A penetration tester is evaluating a SCADA system. The tester receives local access to a workstation that is running a single application. While navigating through the application, the tester opens a terminal window and gains access to the underlying operating system.
Which of the following attacks is the tester performing?
A . Kiosk escape
B . Arbitrary code execution
C . Process hollowing
D . Library injection
Answer: A
Explanation:
A kiosk escape involves breaking out of a restricted environment, such as a kiosk or a single application interface, to access the underlying operating system.
Here ’ s why option A is correct: Kiosk Escape: This attack targets environments where user access is intentionally limited, such as a kiosk or a dedicated application.
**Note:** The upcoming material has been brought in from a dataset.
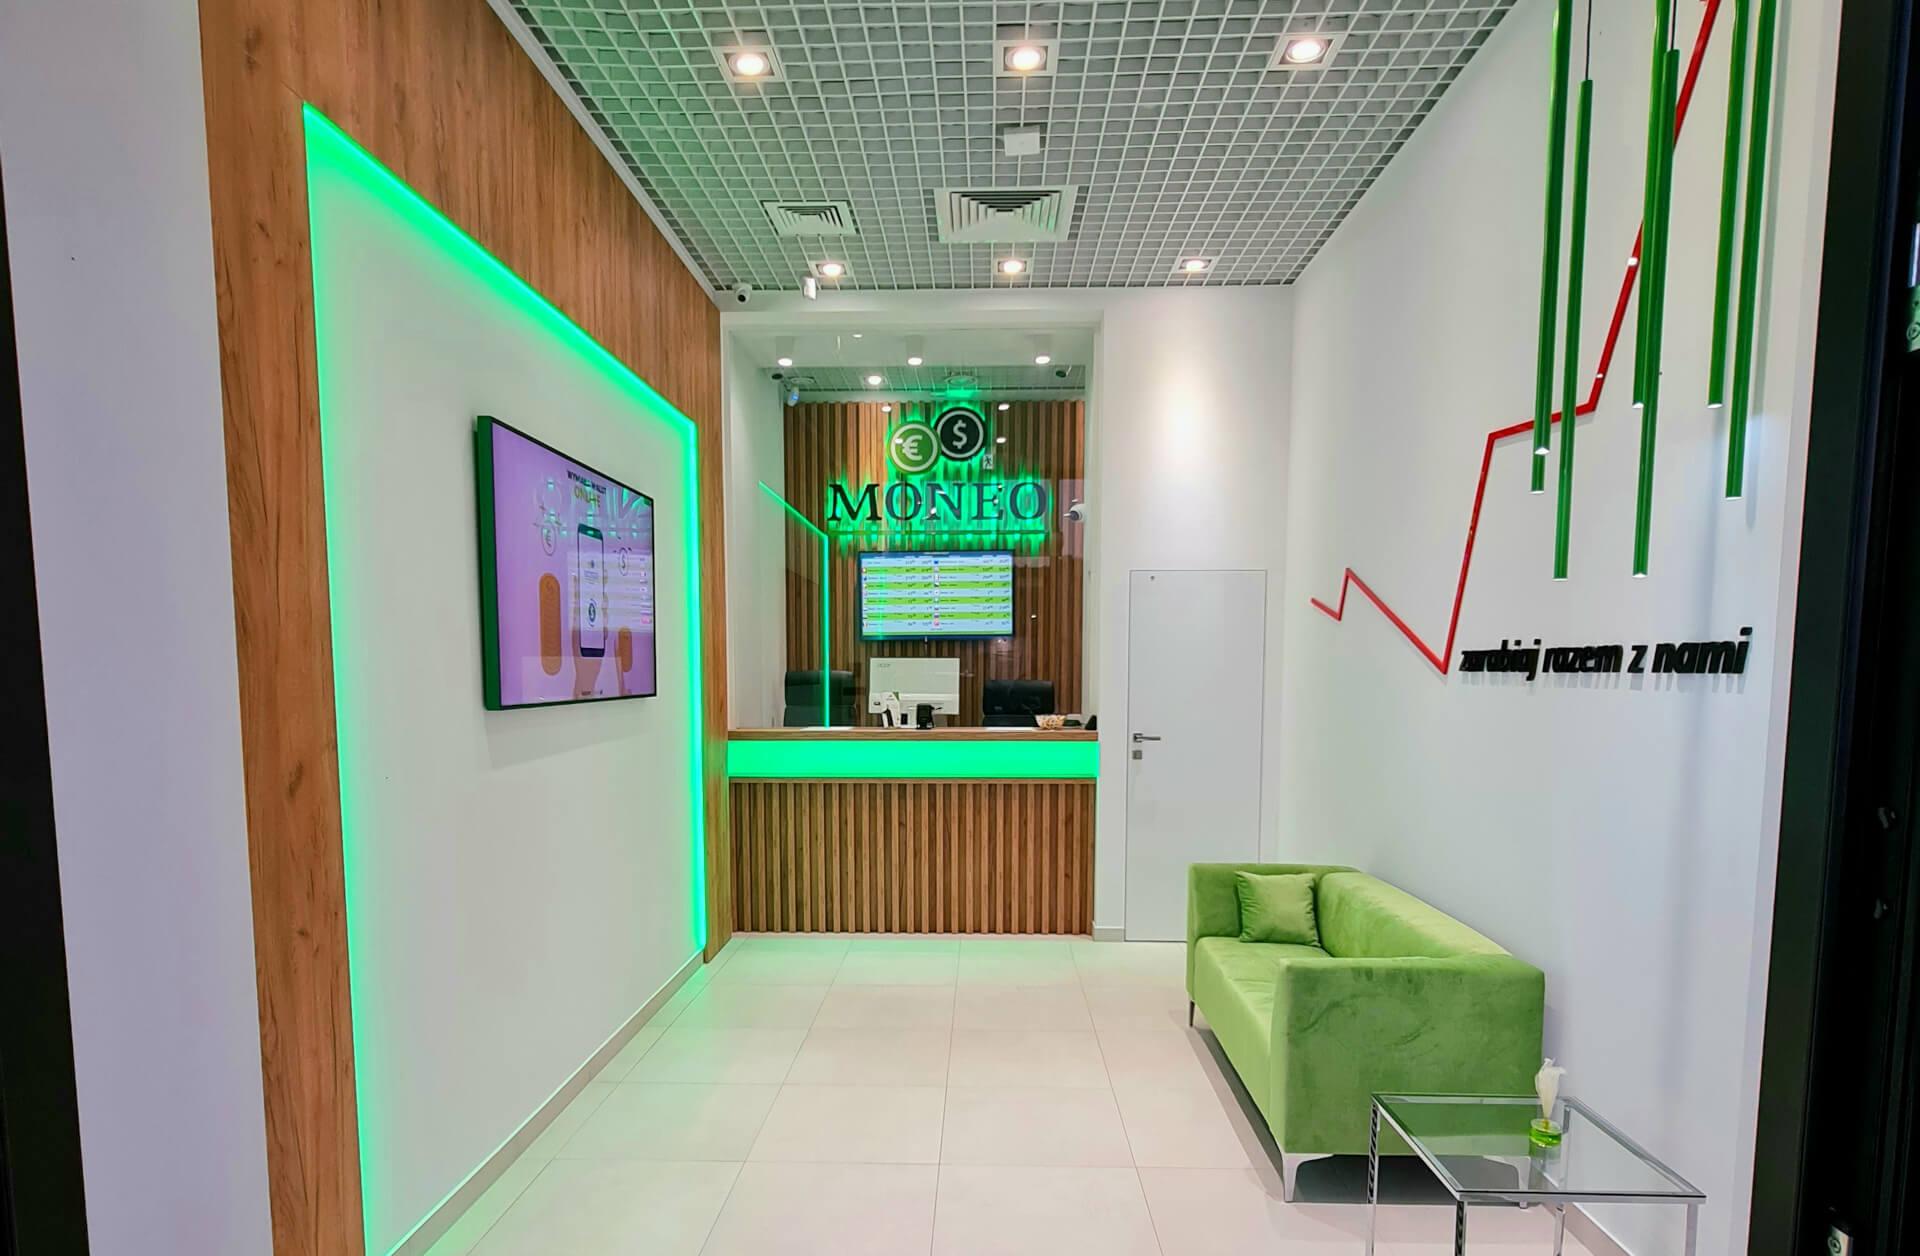 Nowy kantor już otwarty!

The goal is to break out of these restrictions and gain access to the full operating system.
Arbitrary Code Execution: This involves running unauthorized code on the system, but the scenario described is more about escaping a restricted environment.
Process Hollowing: This technique involves injecting code into a legitimate process, making it appear benign while executing malicious activities.
Library Injection: This involves injecting malicious code into a running process by loading a malicious
library, which is not the focus in this scenario.
Reference from Pentest:
Forge HTB: Demonstrates techniques to escape restricted environments and gain broader access to the system.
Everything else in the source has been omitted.